When the apparatus used has the combined, unit form of Figures 3 and 4, the valve means 20 will be closed in the first case in which warm air is supplied, wherewith the warm air mixture will be delivered to the room solely through the nozzles 16 on the high velocity device 11, as indicated by arrows 23. In the second case in which cold air is supplied, the valve means 20 will be open and the major part of the colder air mixture will flow from the ejector part 13, for reasons of a flow technical nature, and pass down through the high velocity device 11 and into the low velocity device 12, from where it exits into the room as illustrated by arrows 25. A minor part of the cold air mixture may flow out into the room through the nozzles 16 in the high velocity device 11, although this minor air flow will have no negative effect on the ventilation of the room nor present any disadvantage.

Claims

Ventilation apparatus (10) having a room-air cooling and/or heating function and comprising a mixed-ventilation high velocity device (11), a displaced-ventilation low velocity device (12) connected thereto, and valve means (20) for guiding incoming air flow to either the high velocity device (11) or to the low velocity device (12), characterised by an ejector part (13) which is adapted to receive warm or cold supply air as primary air and which includes means (17) for sucking room air as secondary air into the ejector part (13) by means of said primary air, such as to deliver a mixture of primary and secondary air to either the high velocity device (11) or the low velocity device (12) as supply air, depending on the setting of the valve means (20).
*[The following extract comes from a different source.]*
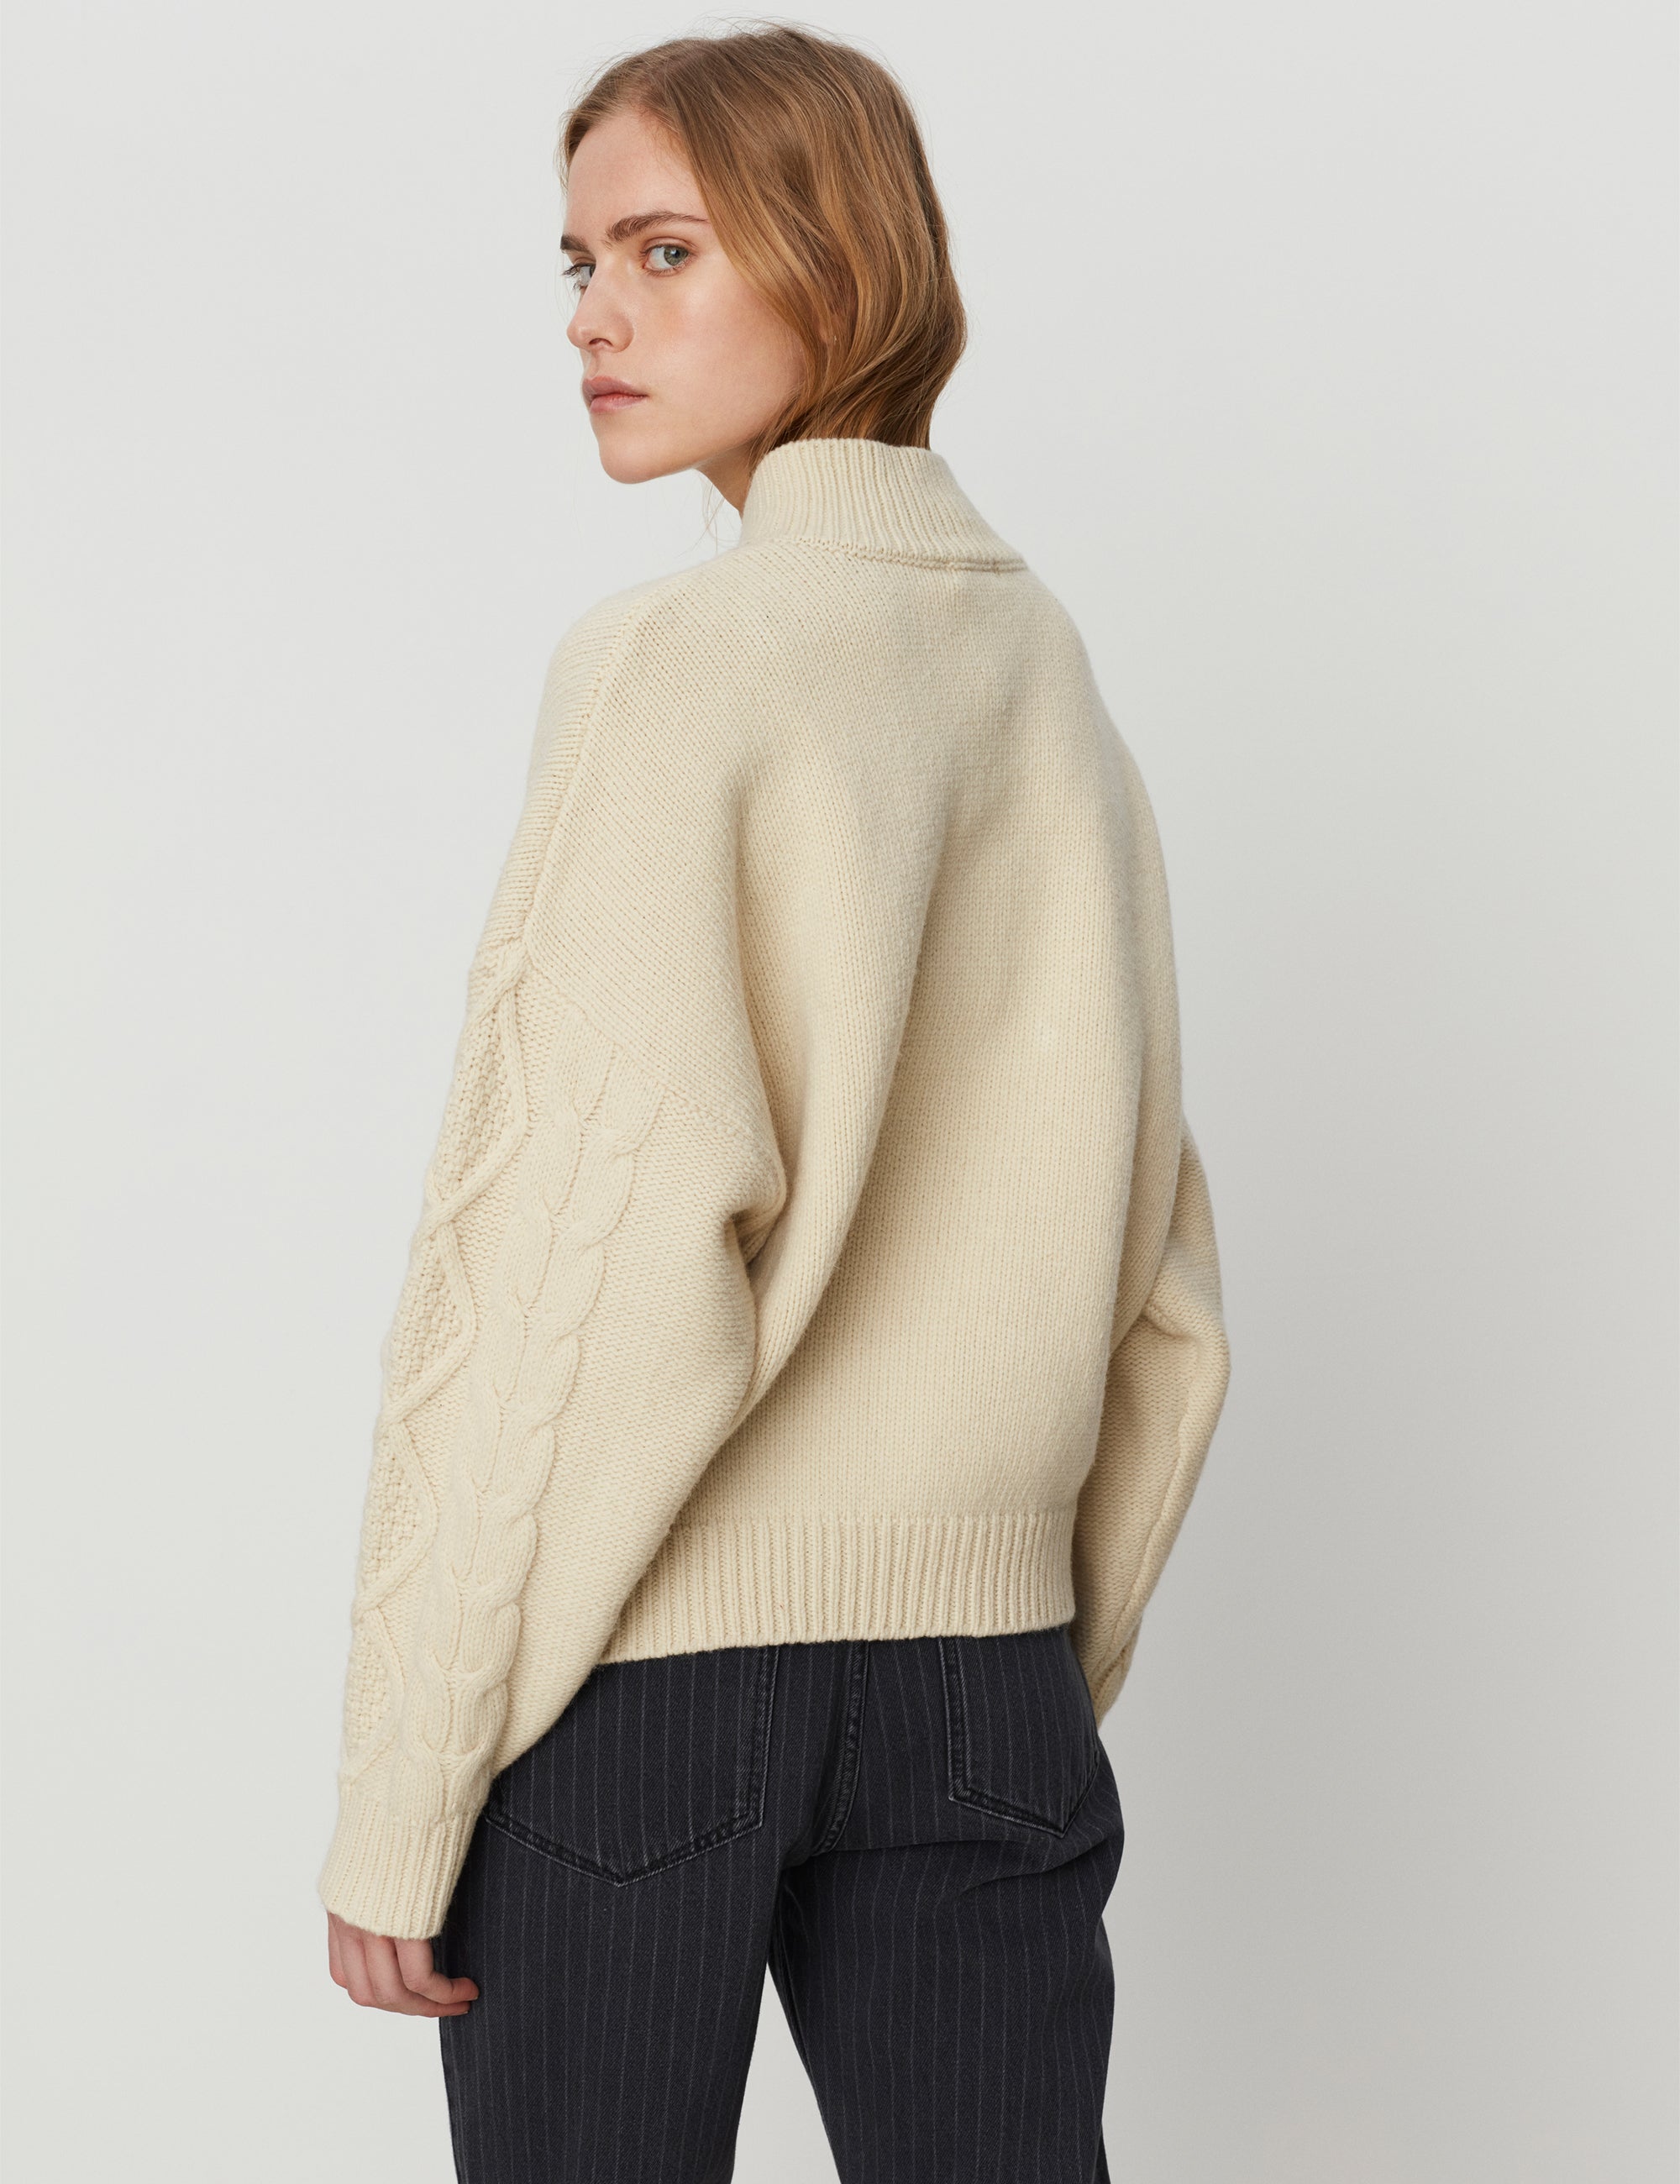 Linden Sweater - Babs The Label

Ventilation apparatus according to Claim 1, characterised in that the high velocity device (11), the low velocity device (12) and the ejector part (13) are combined into a single unit with the ejector part (13) placed uppermost and the low velocity device (12) placed lowermost, said valve means (20) being placed between the high velocity device (11) and the low velocity device (12).
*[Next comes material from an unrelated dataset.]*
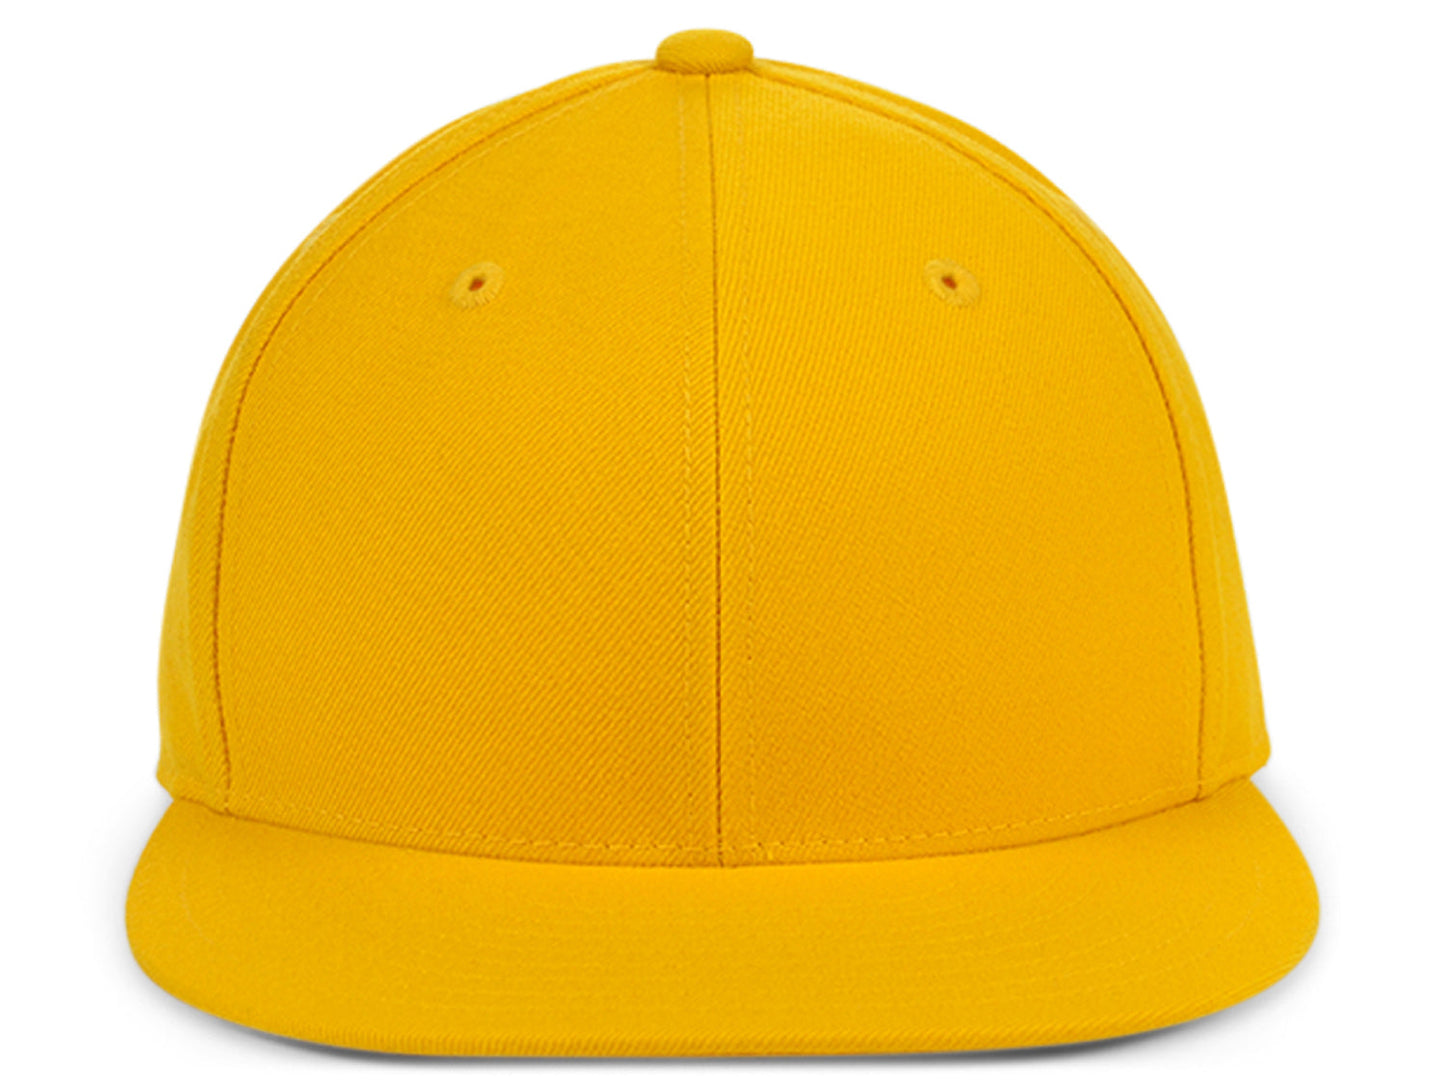 Flexfit Grandslam Fitted - Yellow

Ventilation apparatus according to Claim 1 and 2, characterised in that the high velocity device (11) is provided with nozzles (16) for distributing the supply/room-air mixture to the room.
Ventilation apparatus according to Claims 1-3, characterised in that the ejector part (13) is designed and configured so that the ratio between primary and secondary air will lie in the range of 0.5-1.0, preferably about 1.0.